Le bruit généré par la pression d’eau changea de tonalité, mais les gouttes étaient encore tièdes. Elle avait encore quelques secondes pour s’assurer que tout ceci n’était qu’un mauvais rêve.
Une nouvelle fois, Eris ouvrit le meuble de rangement avec précautions et observa de plus près les deux objets à l’origine de son angoisse. La présence intacte du suremballage plastique la soulagea considérablement. Elle retourna sous la douche, soupira sous le jet d’eau chaude continu et pria longuement que le petit copain, dont elle soupçonnait les traits et les dimensions de ses parties intimes, ne soit que le fruit de son imagination.

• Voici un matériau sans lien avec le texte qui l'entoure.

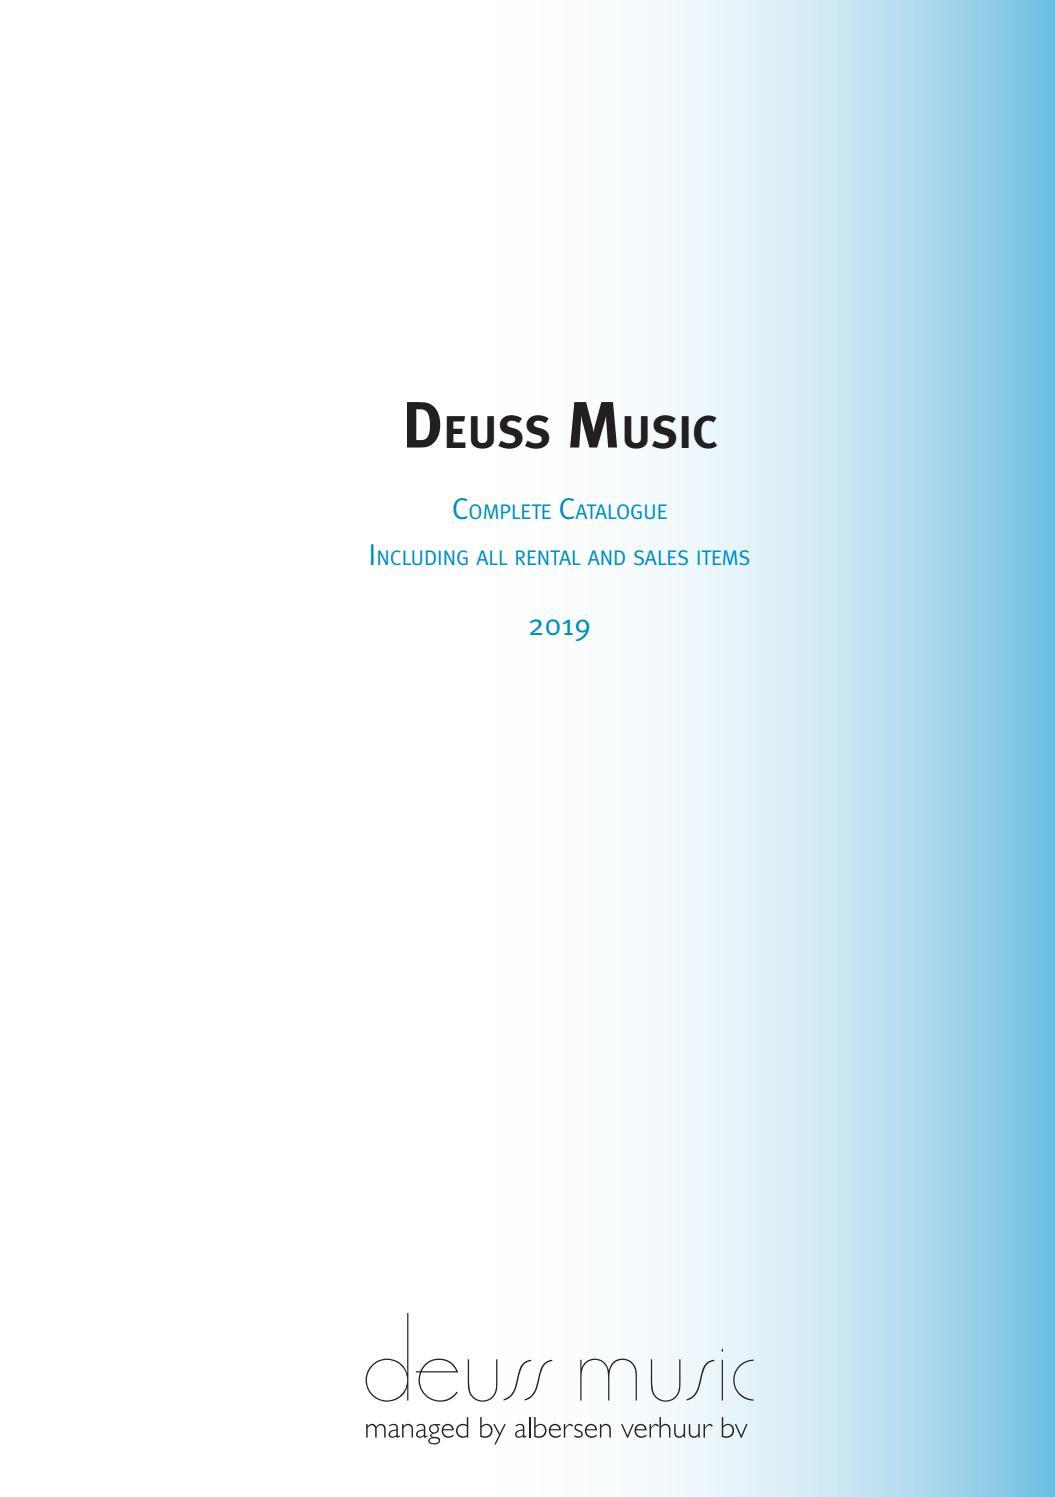 Deuss Music Catalogue 2019 By Deuss Music Issuu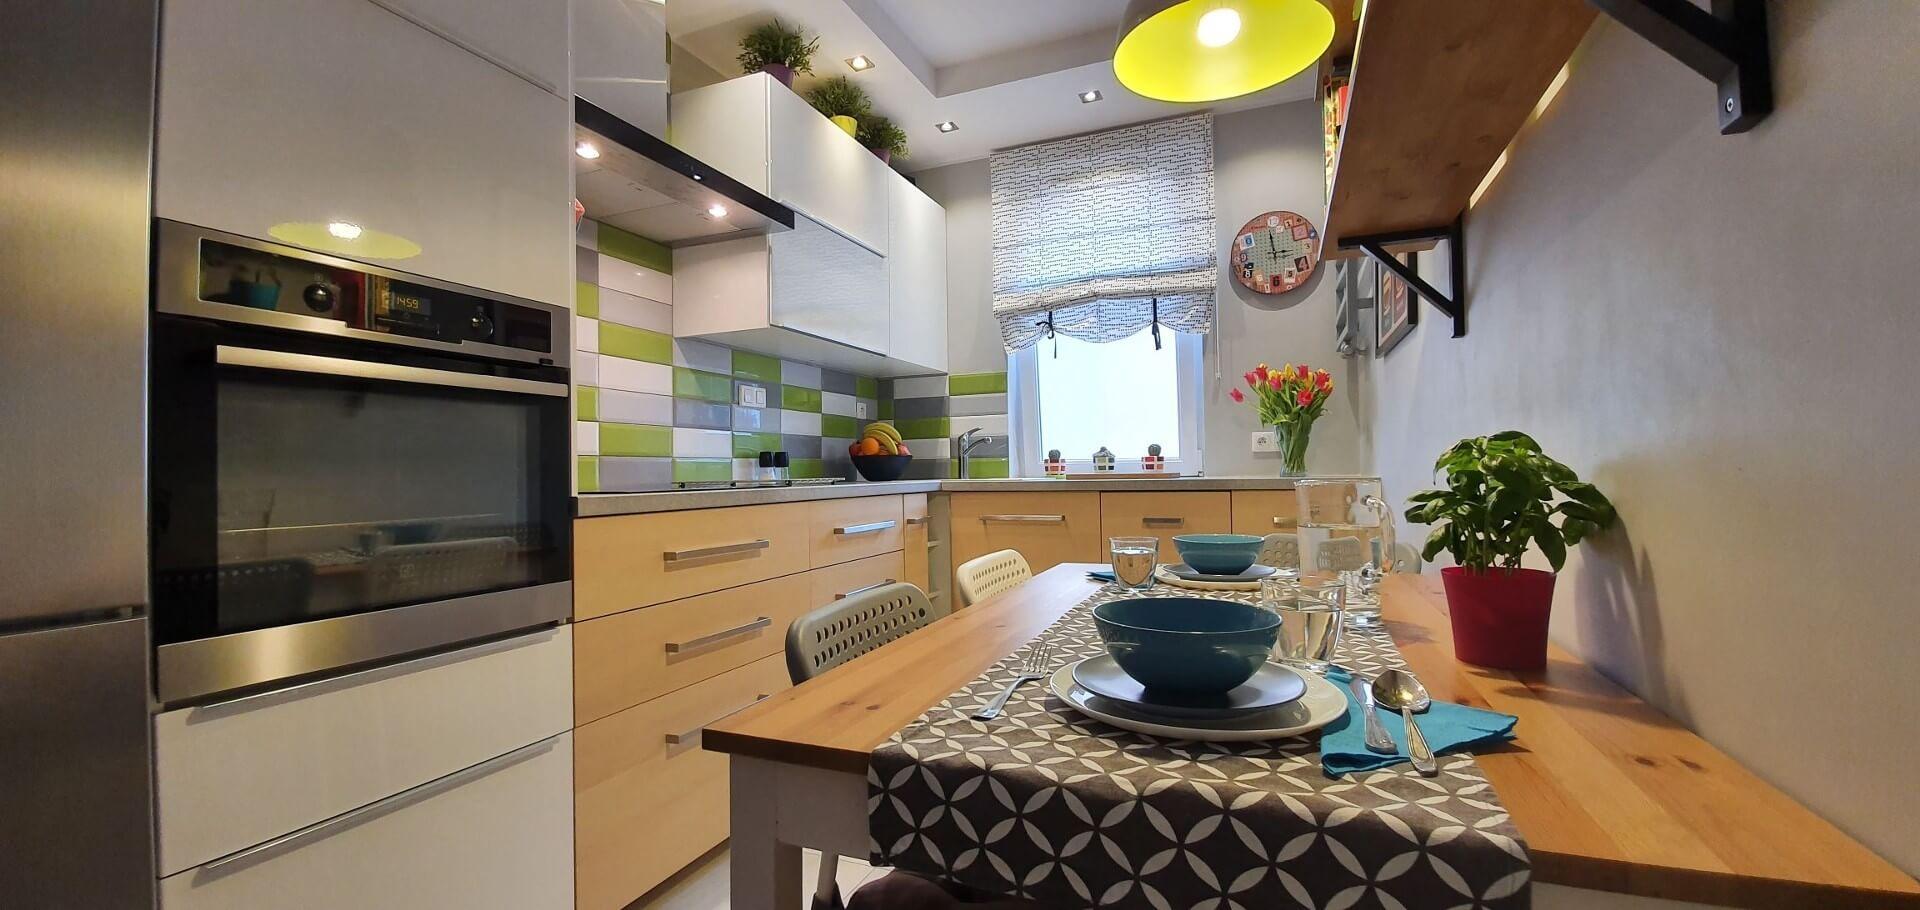 3-комнатная квартира 56 м2, Ольштын

Dix minutes plus tard, le robinet d’arrivée d’eau de la douche pivota et une silhouette s’échappa du bloc, finement dissimulée derrière une quantité colossale de vapeurs et un mélange de fragrances végétales. Ses déplacements félins accentuaient sa grâce et, à aucun moment, elle n’eut l’impression de perdre son équilibre sur la surface lisse et quelque peu humide du carrelage. Face au miroir, Eris se sécha soigneusement et enfila sa tenue de rechange estivale, composée d’un simple haut blanc avec un col en dentelle et d’un short gris peu épais. Elle entreprit ensuite de se sécher les cheveux et de refaire son chignon haut, avant de poser ses lunettes rondes sur son nez aquilin et de rassembler ses affaires en vue de laisser la salle d’eau à son hôtesse.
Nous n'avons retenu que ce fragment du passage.